2-6 STP と RSTP
Spanning Tree Protocol が L2 ループを自動防止する仕組み。3 スイッチ三角構成でブロッキングポートが選ばれる様子を Rapid PVST+ で実機確認する。
1. なぜ STP が必要か
L2 スイッチは、宛先 MAC アドレスが CAM テーブルにない時、そのフレームを受信ポート以外の全ポートにフラッディングする。これは未知ユニキャストでもブロードキャストでもマルチキャストでも同じ挙動である。スイッチが 1 台だけ、あるいは 2 台を 1 本のリンクで結んだだけの構成では、この「全ポートにばら撒く」動きは何の問題も起こさない。
問題は、スイッチを 3 台以上を環状に結んだ瞬間に発生する。下図のように SW1・SW2・SW3 を 3 本のトランクで三角形に接続したとする。

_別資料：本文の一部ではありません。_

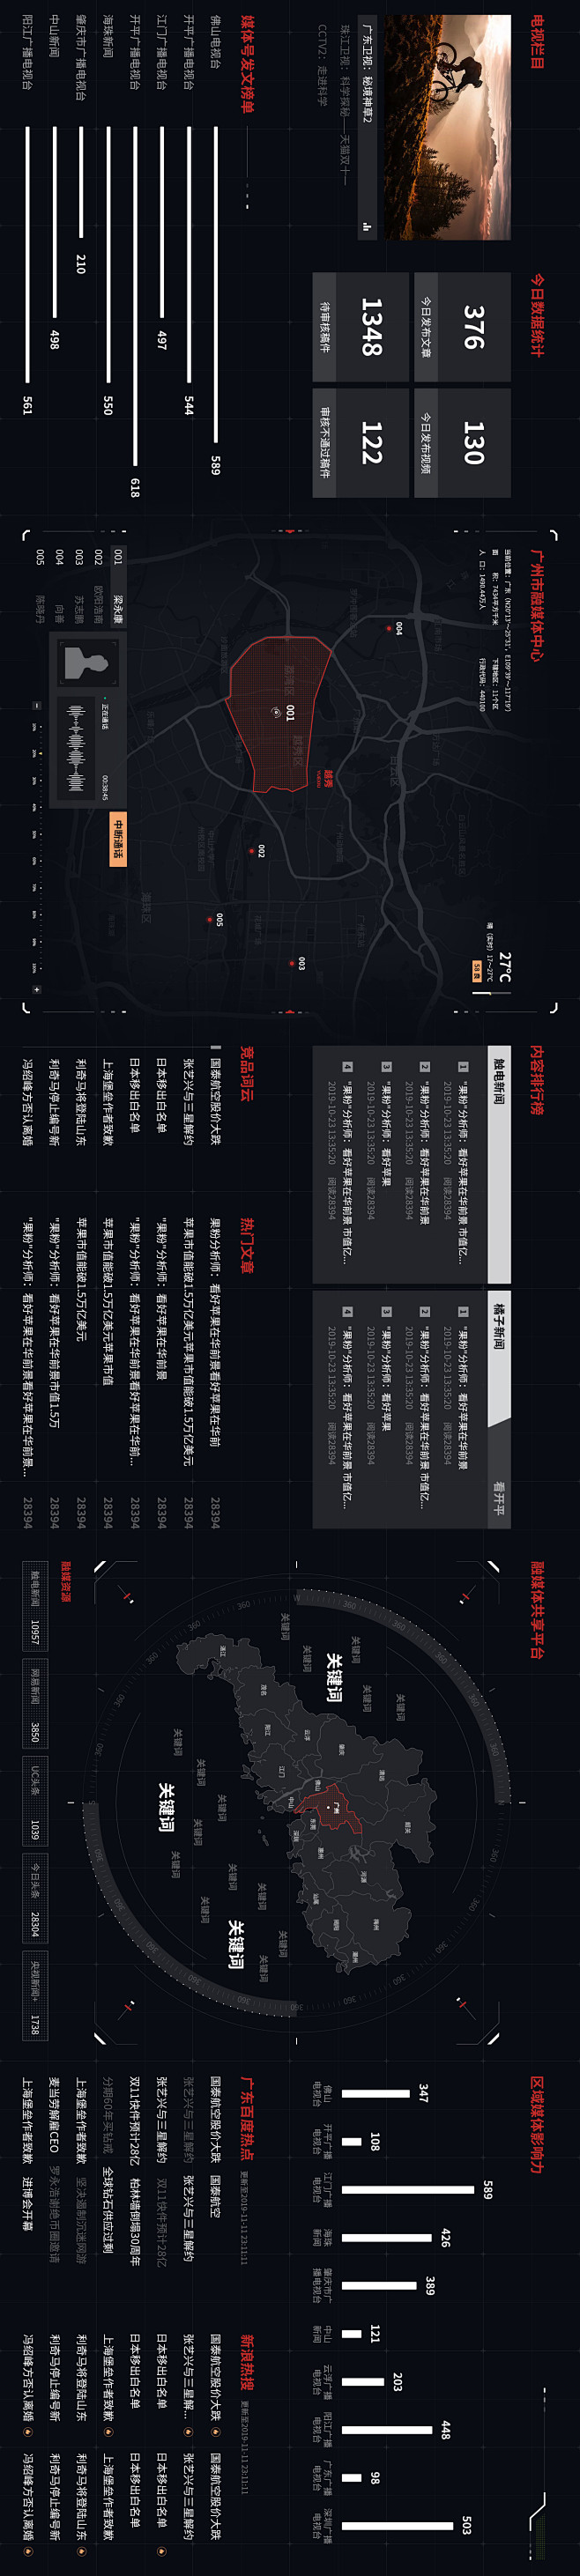 数据大屏设计-UI中国用户体验设计平台

ここで SW1 配下のホストがブロードキャストフレームを 1 枚だけ送出すると何が起きるか。SW1 はそれを Gi0/1 と Gi0/2 の両方にフラッディングする。SW2 と SW3 はそれぞれ受け取ったブロードキャストを「受信したポート以外の全ポート」に再フラッディングする。すると SW2 → SW3 と SW3 → SW2 の経路でもう一度同じフレームが流れ、そのフレームはまた SW1 へ戻ってくる。SW1 から見れば「自分が出したフレームと同じ内容のものが戻ってきた」のだが、L2 フレームには TTL に相当するホップカウントが存在しないので、SW1 はこれを区別できない。受け取ったフレームは再びフラッディングされ、ループが永続する。
ループに乗ったブロードキャストは、現実の機器では十数ミリ秒のうちにリンク帯域を埋め尽くす。これが ブロードキャストストーム である。同時に、同じ MAC アドレスを持つフレームが複数のポートから次々に届くため、各スイッチの CAM テーブルは「ホスト A は Gi0/1 にいる」「いや Gi0/2 にいる」と書き換え合戦を起こし、正常なユニキャスト転送も巻き添えで破綻する。1 つのループで L2 ドメイン全体が停止する、というのが L2 ループの怖さである。
ところが冗長性の観点から、現場では「リンク 1 本切れてもサービスは止めない」設計を要求される。複数のスイッチを冗長に結ぶ以上、物理的なループは避けて通れない。物理ループを許しつつ、論理的にはループを断つ仕組みが要る。それが本節で扱う Spanning Tree Protocol である。
2. STP の役割
STP(Spanning Tree Protocol、IEEE 802.1D)は、物理的にループを持つトポロジから、論理的にループのない木構造(spanning tree)を 1 つ選び出すプロトコルである。木構造というのは、グラフ理論で「ループのない連結グラフ」を指す。SW1 / SW2 / SW3 の三角形なら、3 本のリンクのうち 2 本だけを使って木を作れば、ループはなくなり、かつ全ノードが到達可能な状態は保たれる。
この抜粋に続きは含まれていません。